The way we come to see Jesus is through surrender. The blessing of living life abandoned to Him is to witness His daily power and grace alive and flowing through our lives into the lives of others.
In abandonment and surrender we find the unbridled soul—one not tempted by the treasures of the world, but bound to the grace and glory of the Savior. Oswald Chambers' message is one that still calls to us today. It is a call to leave behind everything outside of Jesus Christ:


"The battle is lost or won in the secret places of the will before God, never first in the external world. . . . Every now and again, not often, but sometimes, God brings us to a point of climax. That is the Great Divide in the life; from that point we either go towards a more and more dilatory and useless type of Christian life, or we become more and more ablaze for the glory of God - [Our] Utmost for His Highest."


Jim Elliot

The Seeking Life

Wherever you are, be all there. Live to the hilt every situation you believe to be the will of God.

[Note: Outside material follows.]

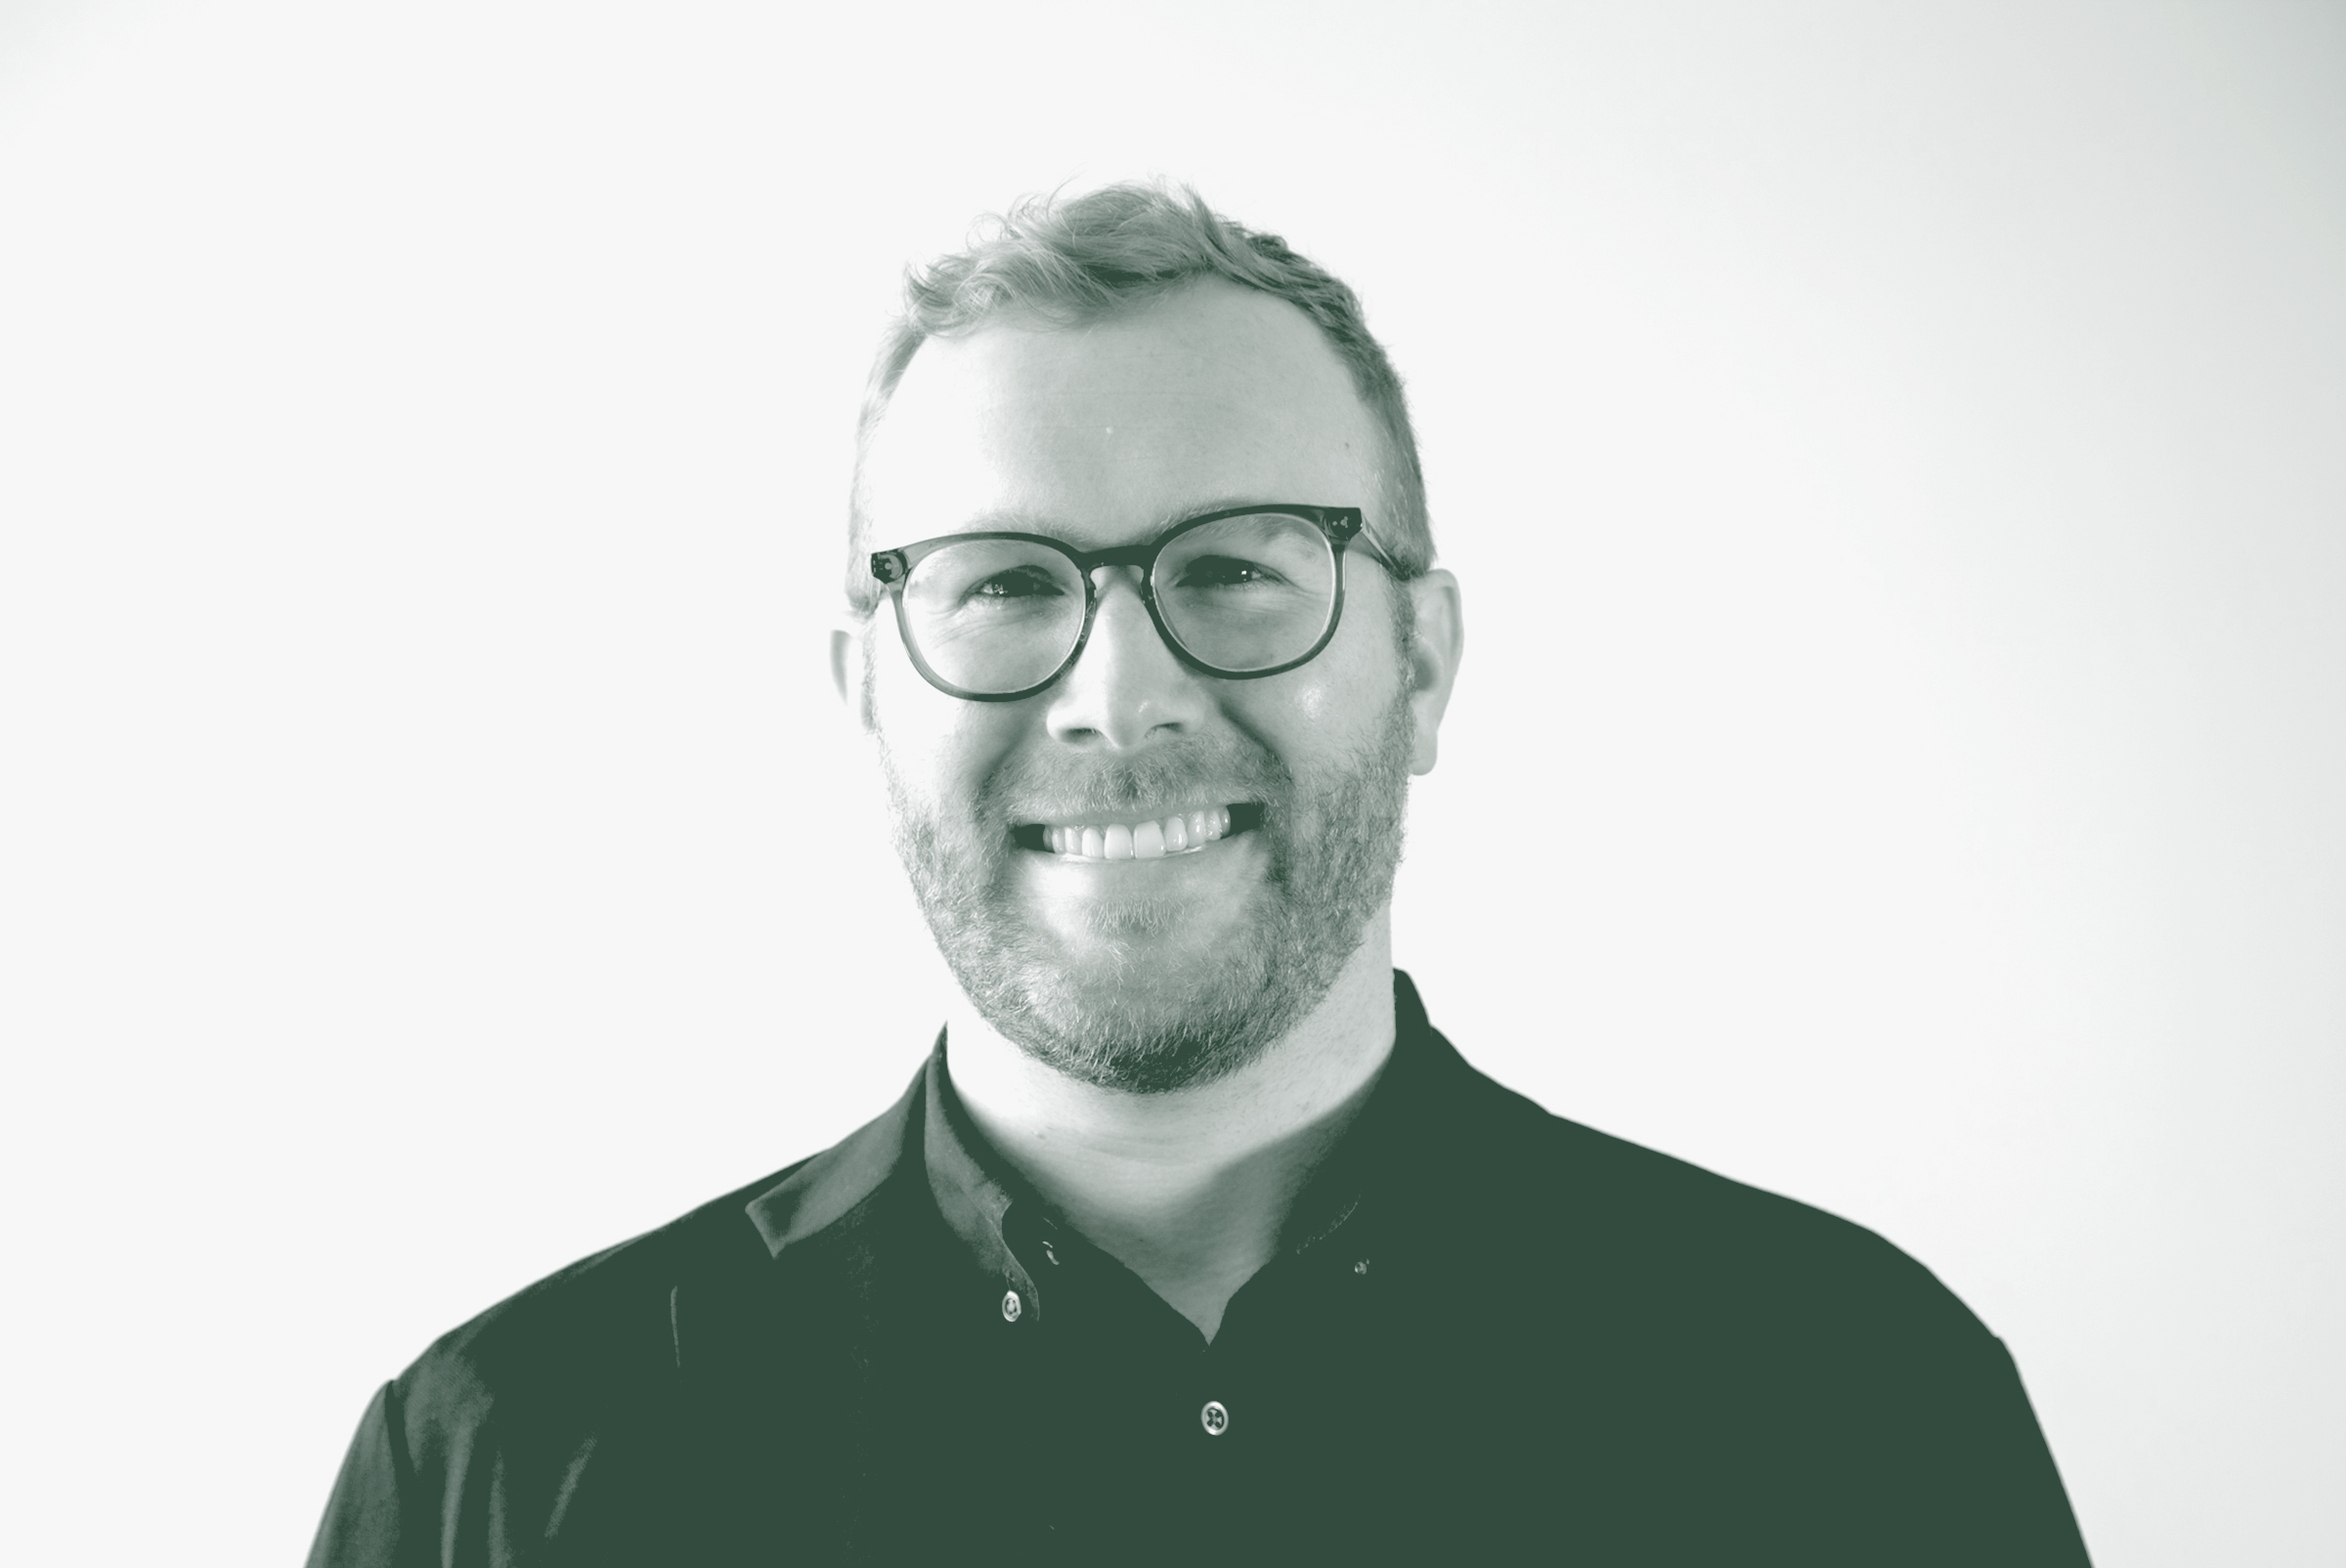 A black and white portrait of Blake Thames, an Associate and Design Leader with GFF, in front of a white background.

The life and death of Jim Elliot was a testimony of a man committed to the will of God. He sought God's will, pleaded for it, waited for it, and—most importantly—obeyed it.


His martyrdom at age twenty-eight and subsequent books on his life by his former wife, Elisabeth Elliot, have been the catalyst for sending thousands into the mission fields and stoking the fires of a heart for God. He was an intense Christian, bent on pleasing God alone and not man.


"[He makes] His ministers a flame of fire," Elliot wrote while a student at
Wheaton College. "Am I ignitable? God deliver me from the dread asbestos of 'other things.' Saturate me with the oil of the Spirit that I may be aflame. But flame is transient, often short-lived. Canst thou bear this my soul—short life? In me there dwells the spirit of the Great Short-Lived, whose zeal for God's house consumed Him."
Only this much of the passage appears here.